> **COLLECTED DATA**:

====

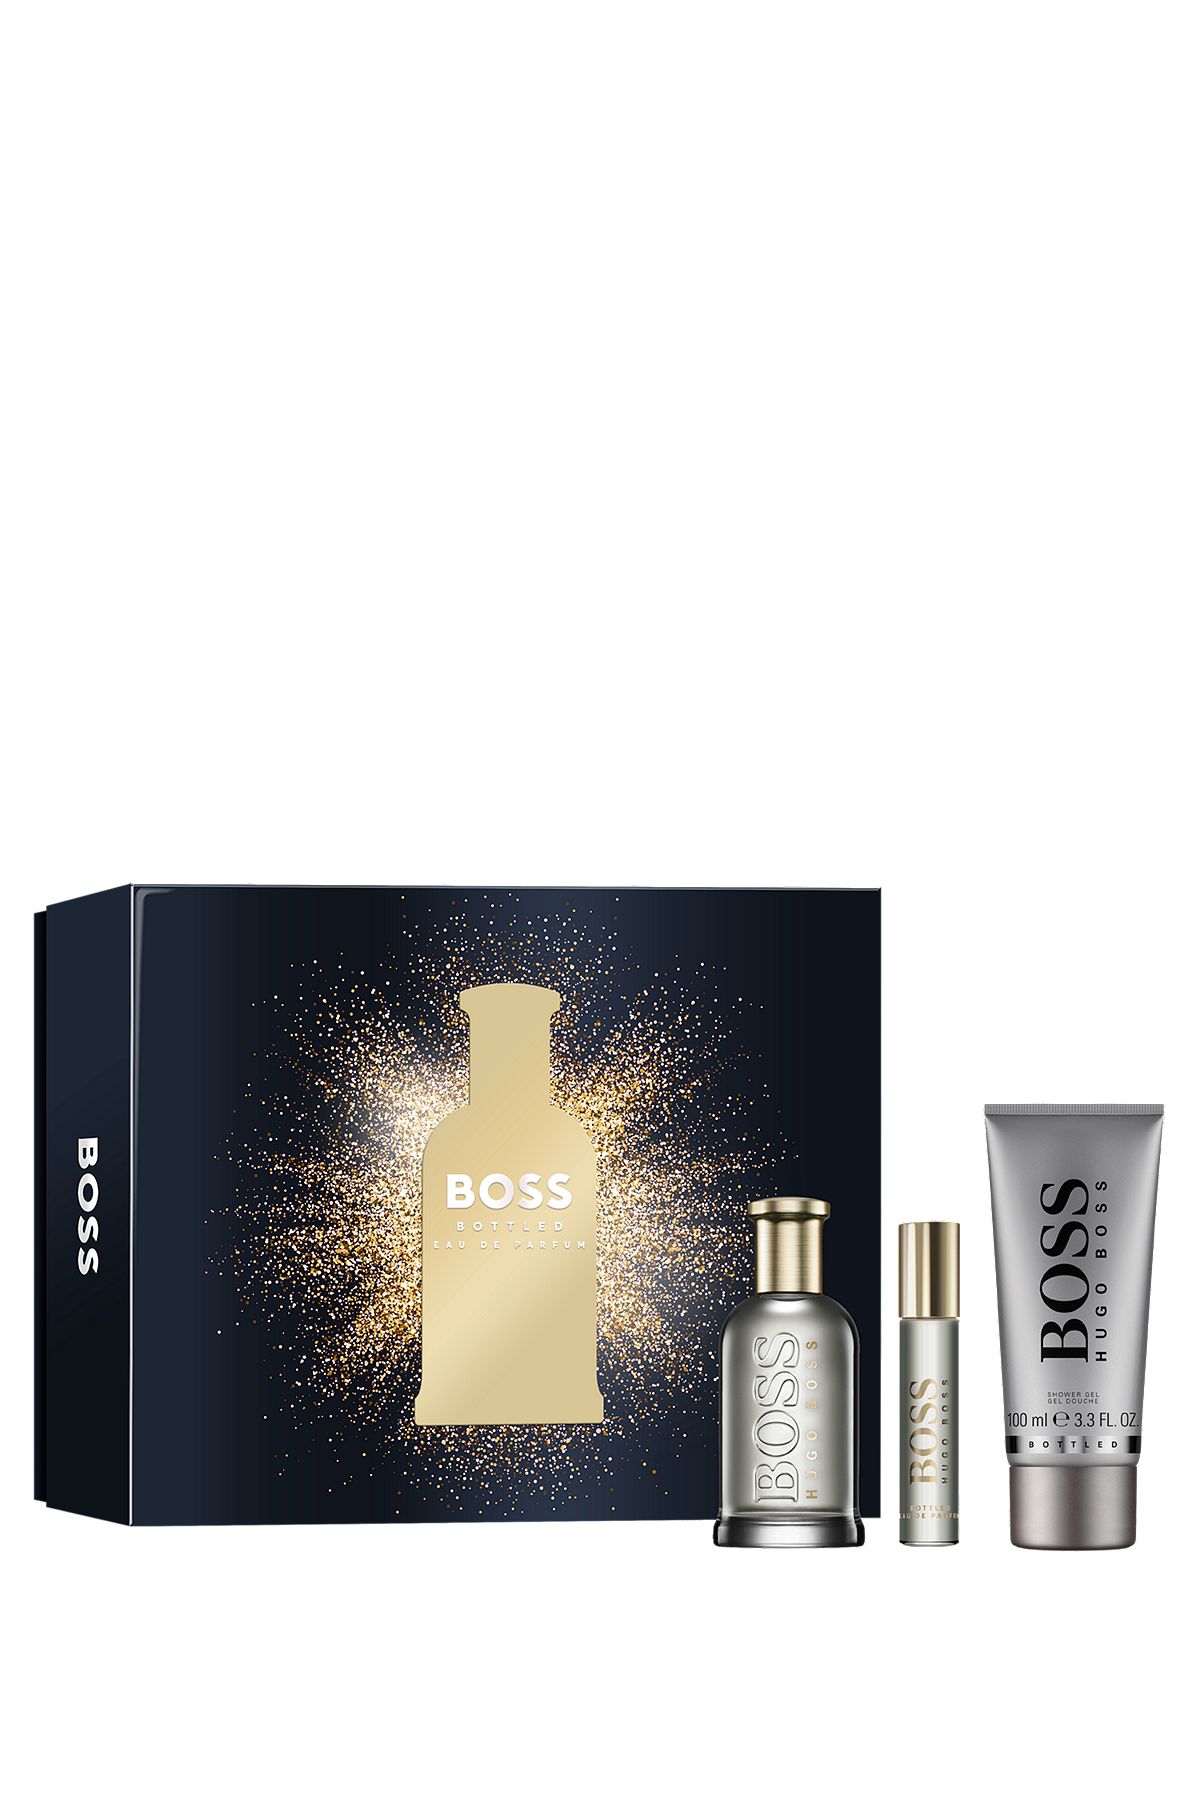 BOSS Bottled fragrance gift set, Assorted-Pre-Pack
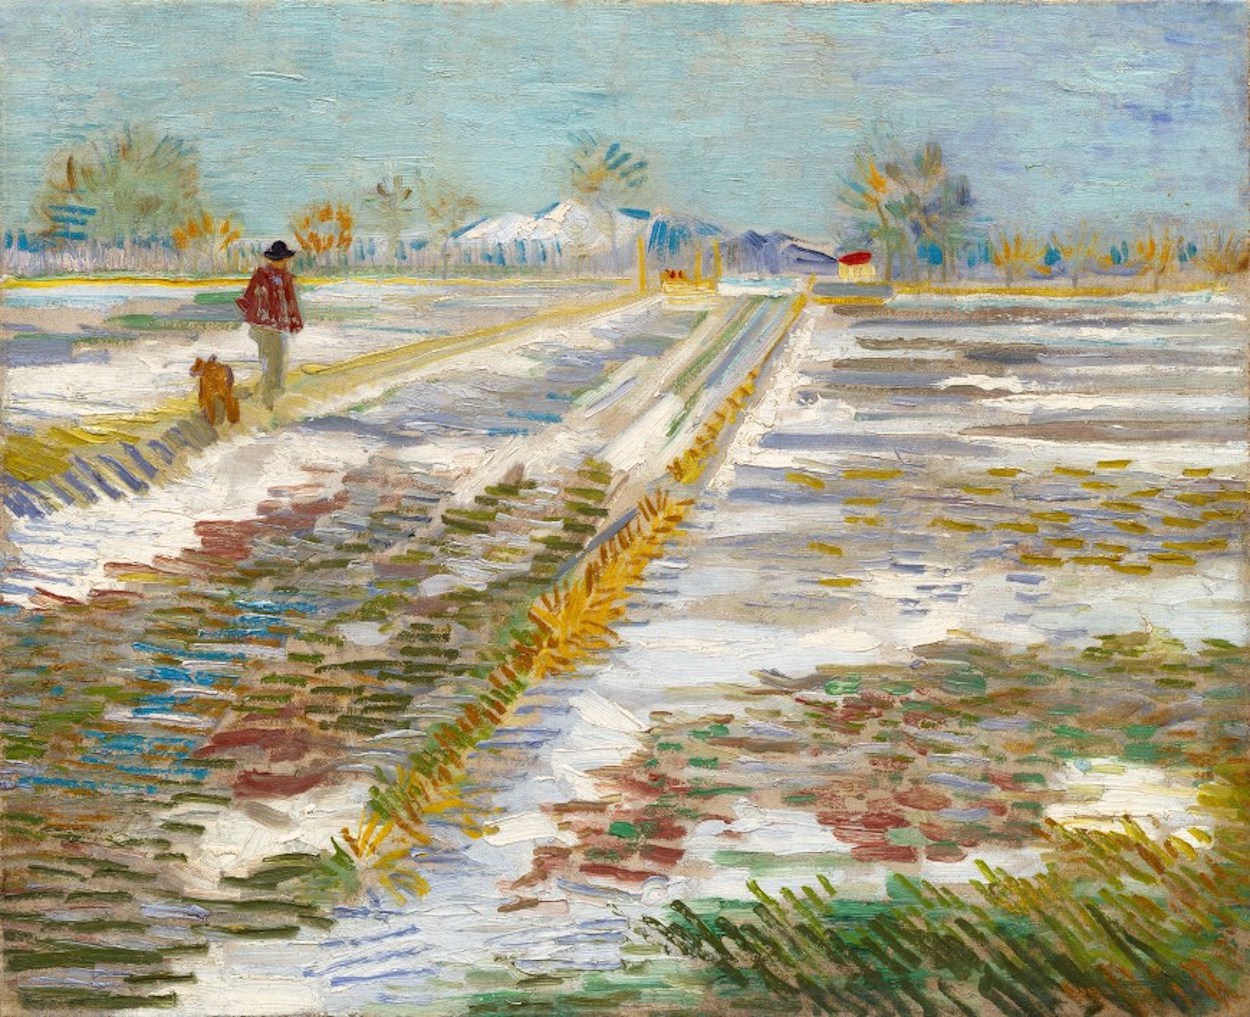  Снежный пейзаж by Винсе́нт Виллем Ван Гог - 1888 - 38 x 46 см 
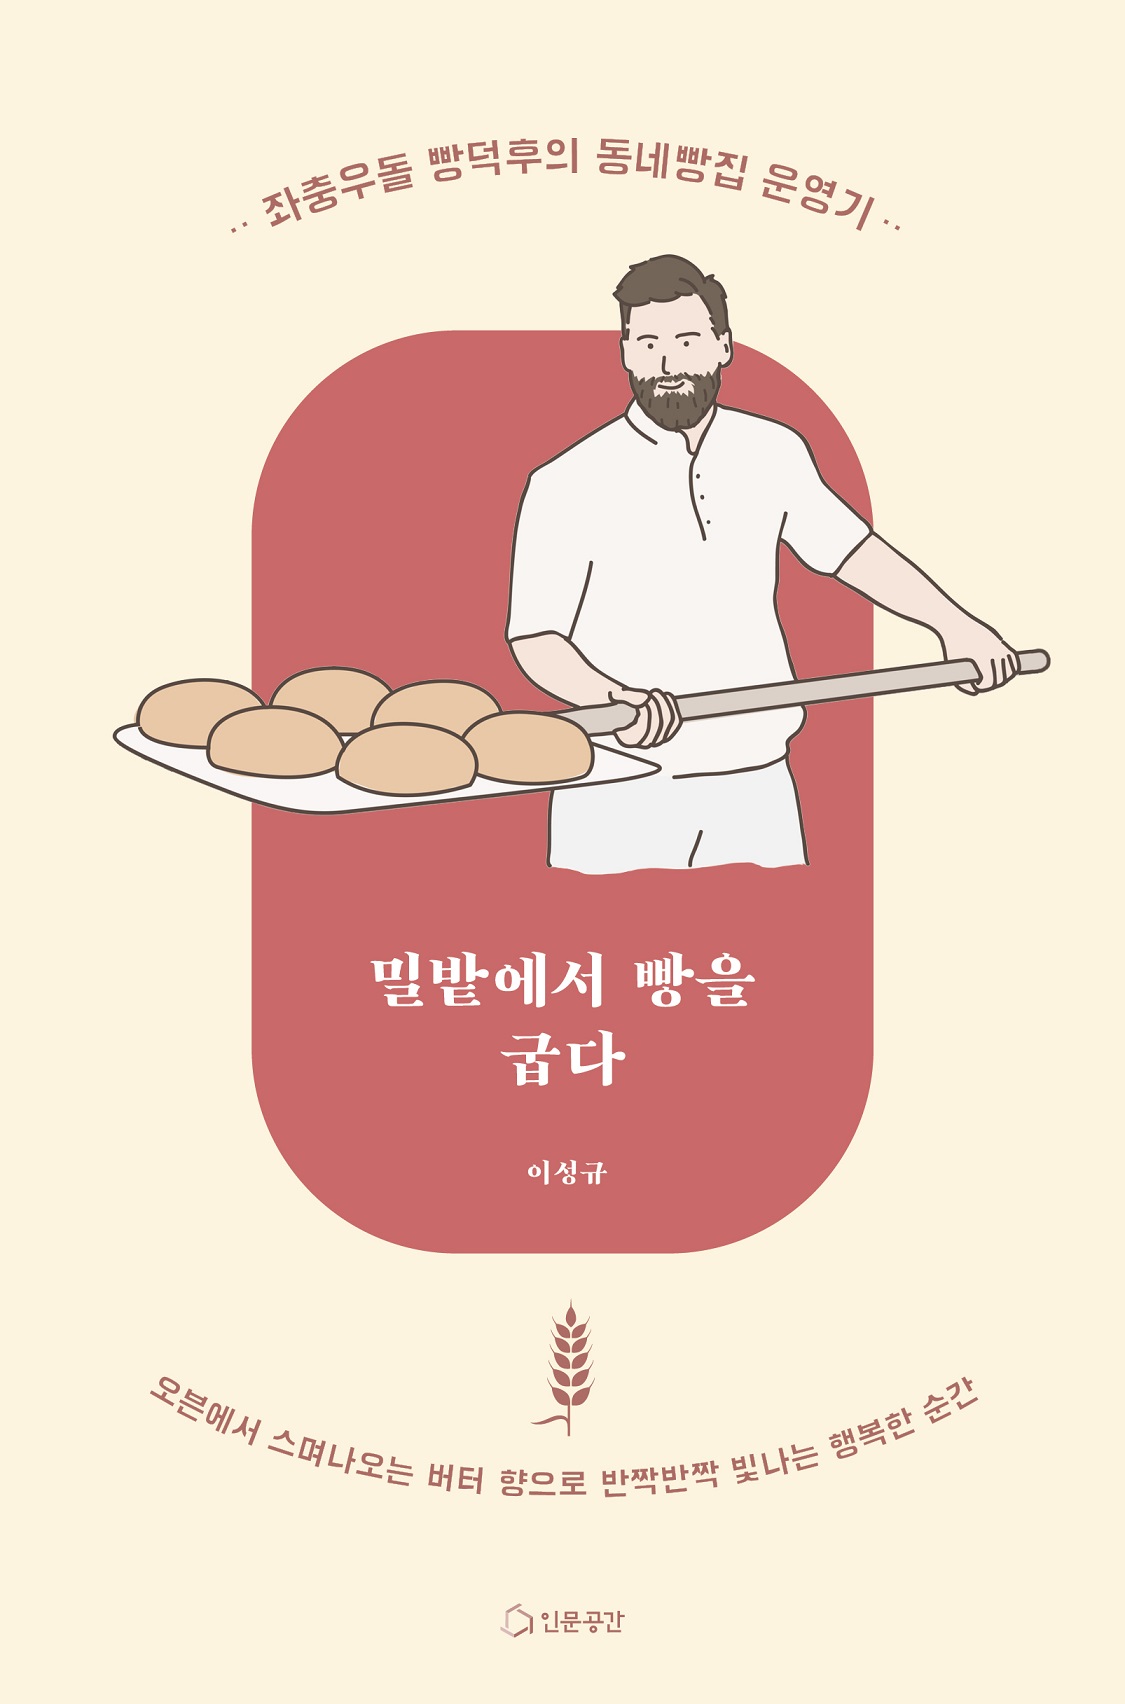 밀밭에서 빵을 굽다 - [전자책]  : 좌충우돌 빵덕후의 동네빵집 운영기
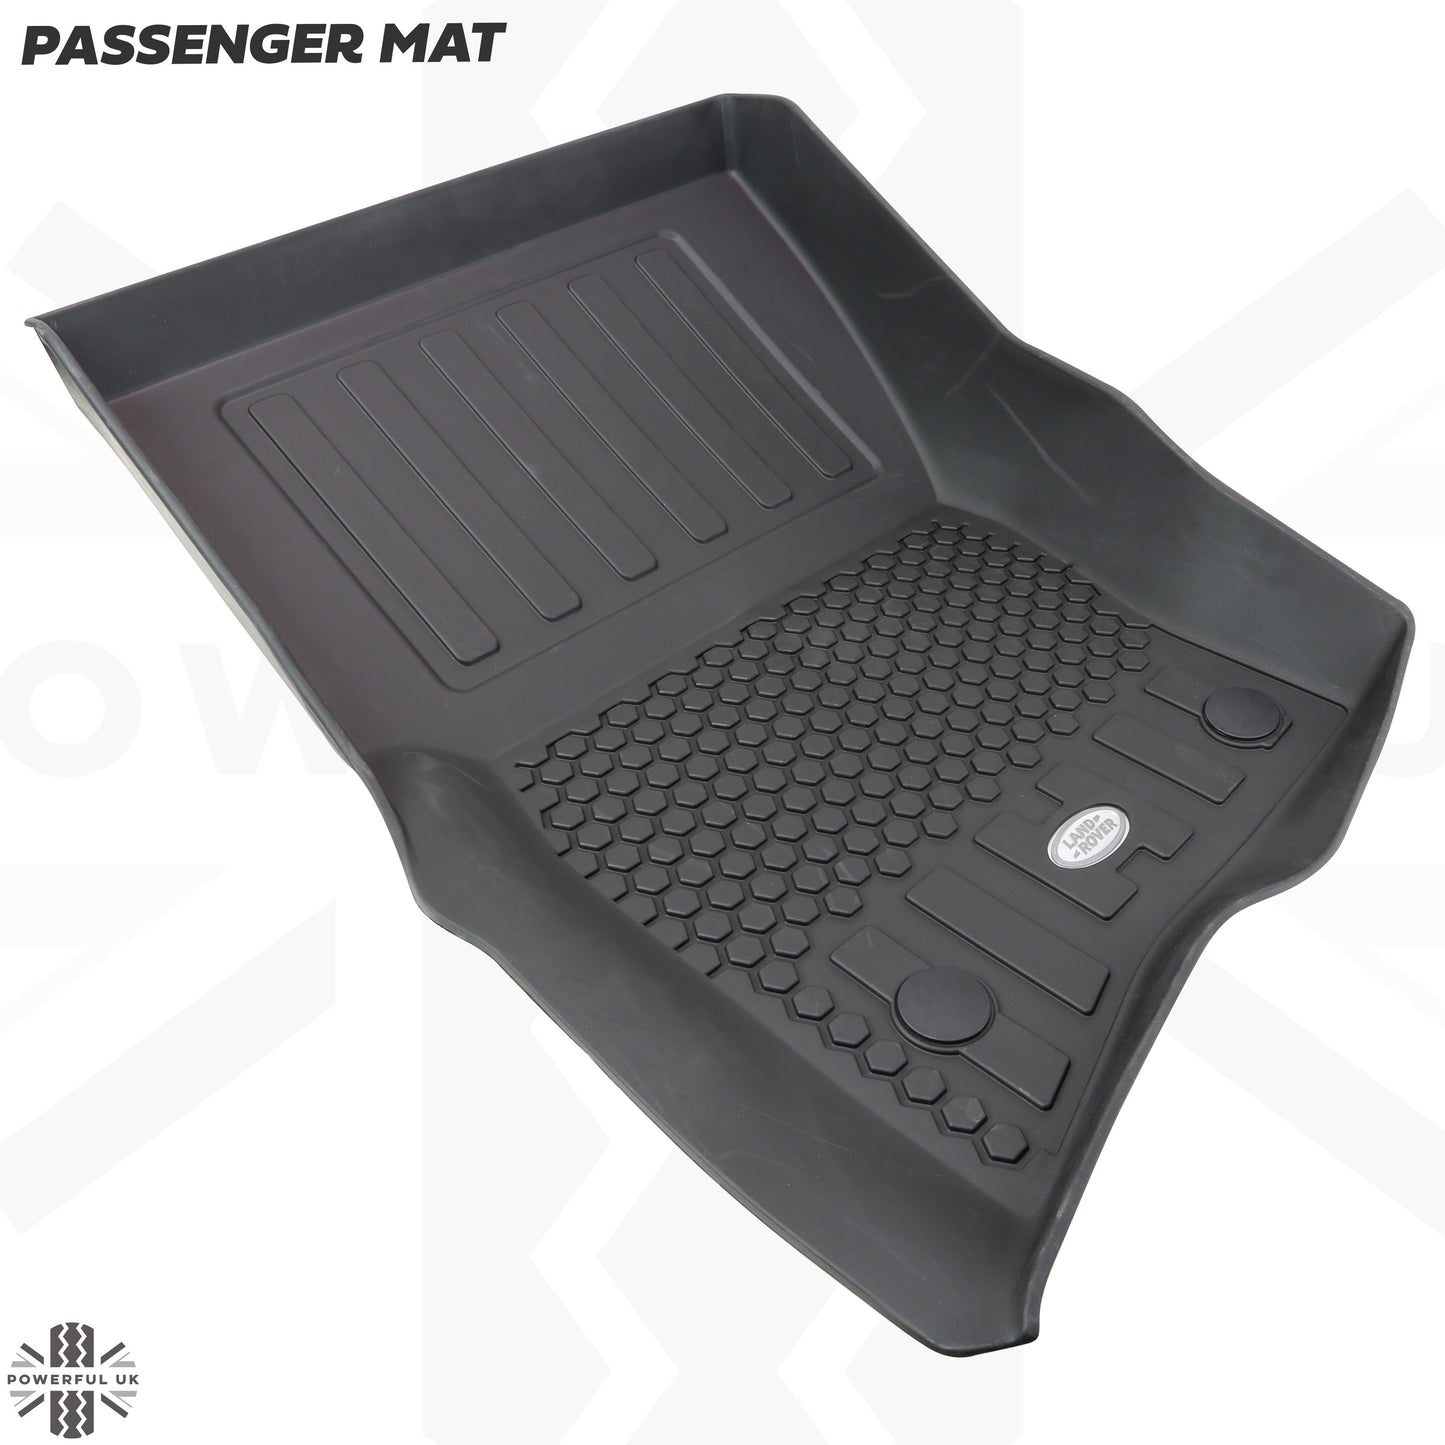 Rubber Floor Mat Set - Genuine - for Land Rover Defender L663(110 models) - RHD - 5 seat

====

Reproduce the material above verbatim; omit every picture.

> **ANSWER SPACE**:
 BOSS Bottled fragrance gift set, Assorted-Pre-Pack
  Снежный пейзаж by Винсе́нт Виллем Ван Гог - 1888 - 38 x 46 см 
 밀밭에서 빵을 굽다 - [전자책]  : 좌충우돌 빵덕후의 동네빵집 운영기
 Rubber Floor Mat Set - Genuine - for Land Rover Defender L663(110 models) - RHD - 5 seat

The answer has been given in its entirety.